Streit mit IAEA Iran unterstellt Atomwächtern Sabotage

"Terroristen und Saboteure könnten die Agentur unterwandert haben": Der iranische Atomchef unterstellt der Internationalen Atomenergiebehörde, Teherans Nuklearprogramm aktiv zu hintertreiben. Er bringt die Uno-Inspekteure gar in Zusammenhang mit einem Bombenanschlag.

Besuch in Buschehr: Der damalige Parlamentssprecher Haddad Adel (Mitte) inspiziert die Nuklearanlage (Foto von 2006)
AFP

Besuch in Buschehr: Der damalige Parlamentssprecher Haddad Adel (Mitte) inspiziert die Nuklearanlage (Foto von 2006)


Wien/Teheran - Iran hat die Internationale Atomenergiebehörde IAEA indirekt für Sabotage seiner Nuklearanlagen verantwortlich gemacht. "Terroristen und Saboteure könnten die Agentur unterwandert haben und versteckt die Fäden ziehen", sagte der iranische Atomchef Feridun Abbasi-Dawani am Montag vor der IAEA-Vollversammlung in Wien.

Er nannte als Beispiel einen Bombenanschlag auf die Atomanlage Fordo vom 17. August, bei dem Stromleitungen durchtrennt wurden. Dies sei ein Weg, um Zentrifugen zur Urananreicherung zu zerstören, so der Atomchef. Am nächsten Tag hätten die Atominspektoren eine unangekündigte Besichtigung der Anlage gefordert.

Kurz vor der ungewöhnlich scharfen Unterstellung in diesem internationalen Rahmen hatte der Chef der IAEA angekündigt, trotz fehlender Fortschritte weiter auf Gespräche im Atomstreit mit Iran zu setzen.

Yukiya Amano sagte zum Auftakt der IAEA-Vollversammlung mit 155 Staaten, die Atomwächter würden die Verhandlungen mit Teheran fortsetzen, um alle offenen Fragen zu klären. "Ich hoffe, wir werden uns ohne weitere Verzögerung auf eine Lösung einigen, die dann auch direkt umgesetzt wird", sagte der IAEA-Chef.

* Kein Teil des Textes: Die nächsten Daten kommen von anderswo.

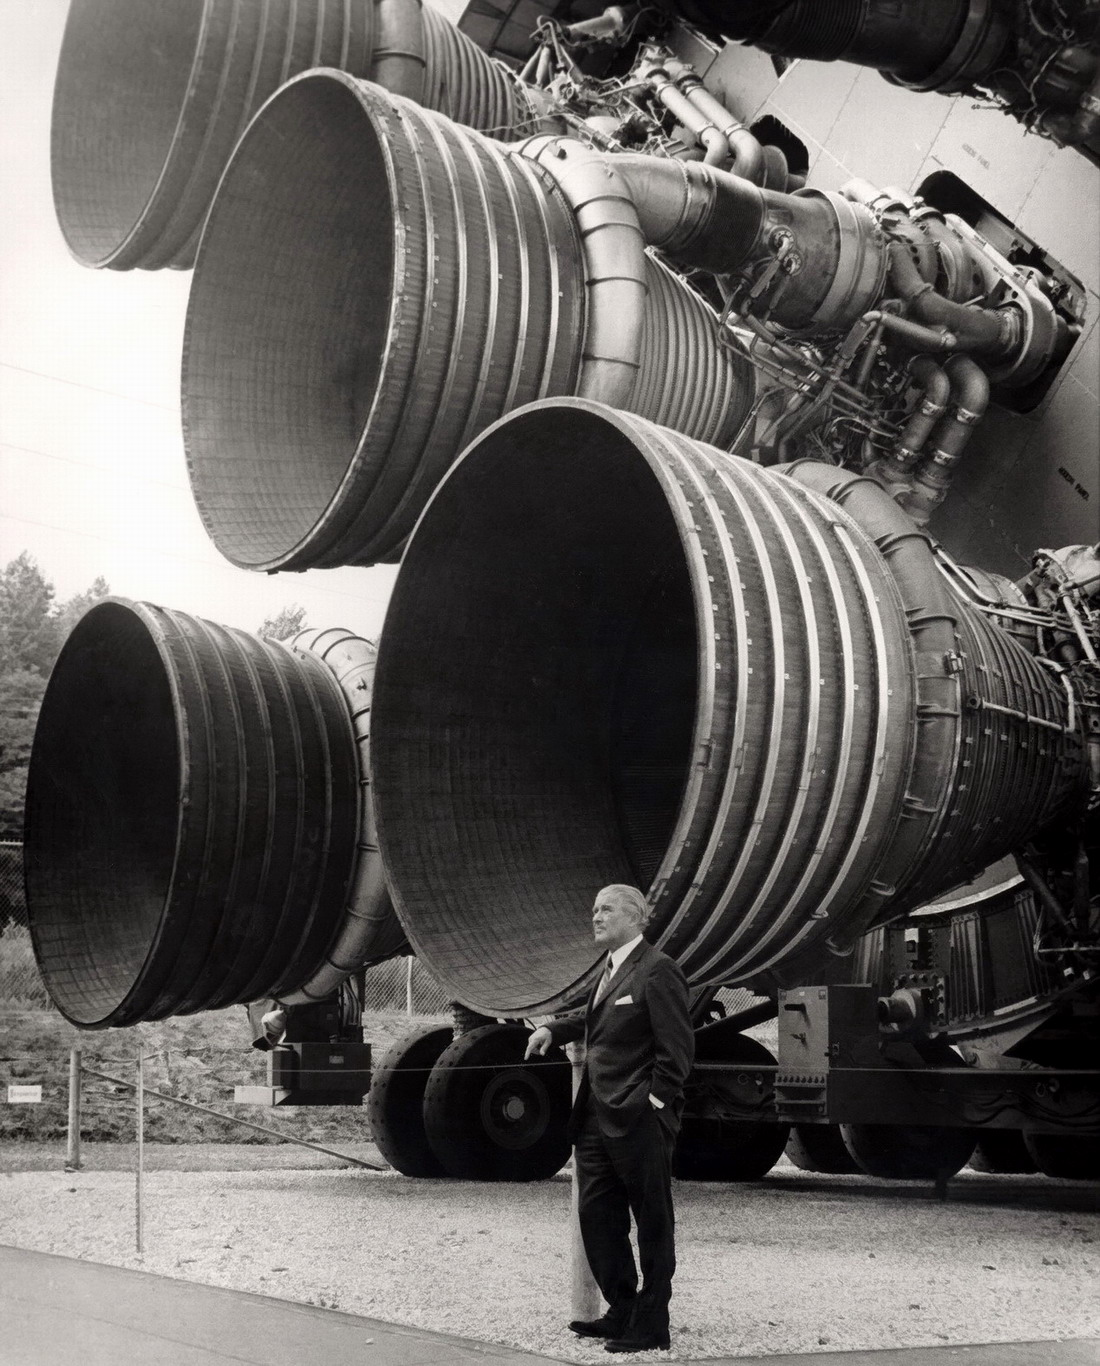 Ракетно-космическая отрасль является гордостью Украины, - Гройсман - Цензор.НЕТ 9851

Seit der Resolution des IAEA-Gouverneursrats im November gegen das islamische Land hätten Gespräche zwischen der IAEA und Iran keine konkreten Ergebnisse gebracht, sagte Amano. Vergangenen Donnerstag hatte das aus 35 Staaten bestehende Leitungsgremium der Atombehörde erneut eine ähnliche Resolution gegen Iran beschlossen, die das Land zur Kooperation auffordert.

Die Europäische Union bestätigte am Mittag, dass neue Gespräche über das umstrittene Atomprogramm Teherans geplant sind. Es handele sich bei einem Treffen der EU-Außenbeauftragten Catherine Ashton mit dem iranischen Chefunterhändler Said Dschalili am Dienstagabend in Istanbul aber "nicht um eine offizielle Verhandlungsrunde", sagte eine Sprecherin Ashtons.

Das Treffen werde eine Gelegenheit sein, um Iran einen "bedeutsamen Schritt zur Vertrauensbildung deutlich zu machen". Man wolle Teheran zu mehr Flexibilität angesichts der Vorschläge der sechs anderen an den Verhandlungen beteiligten Staaten auffordern.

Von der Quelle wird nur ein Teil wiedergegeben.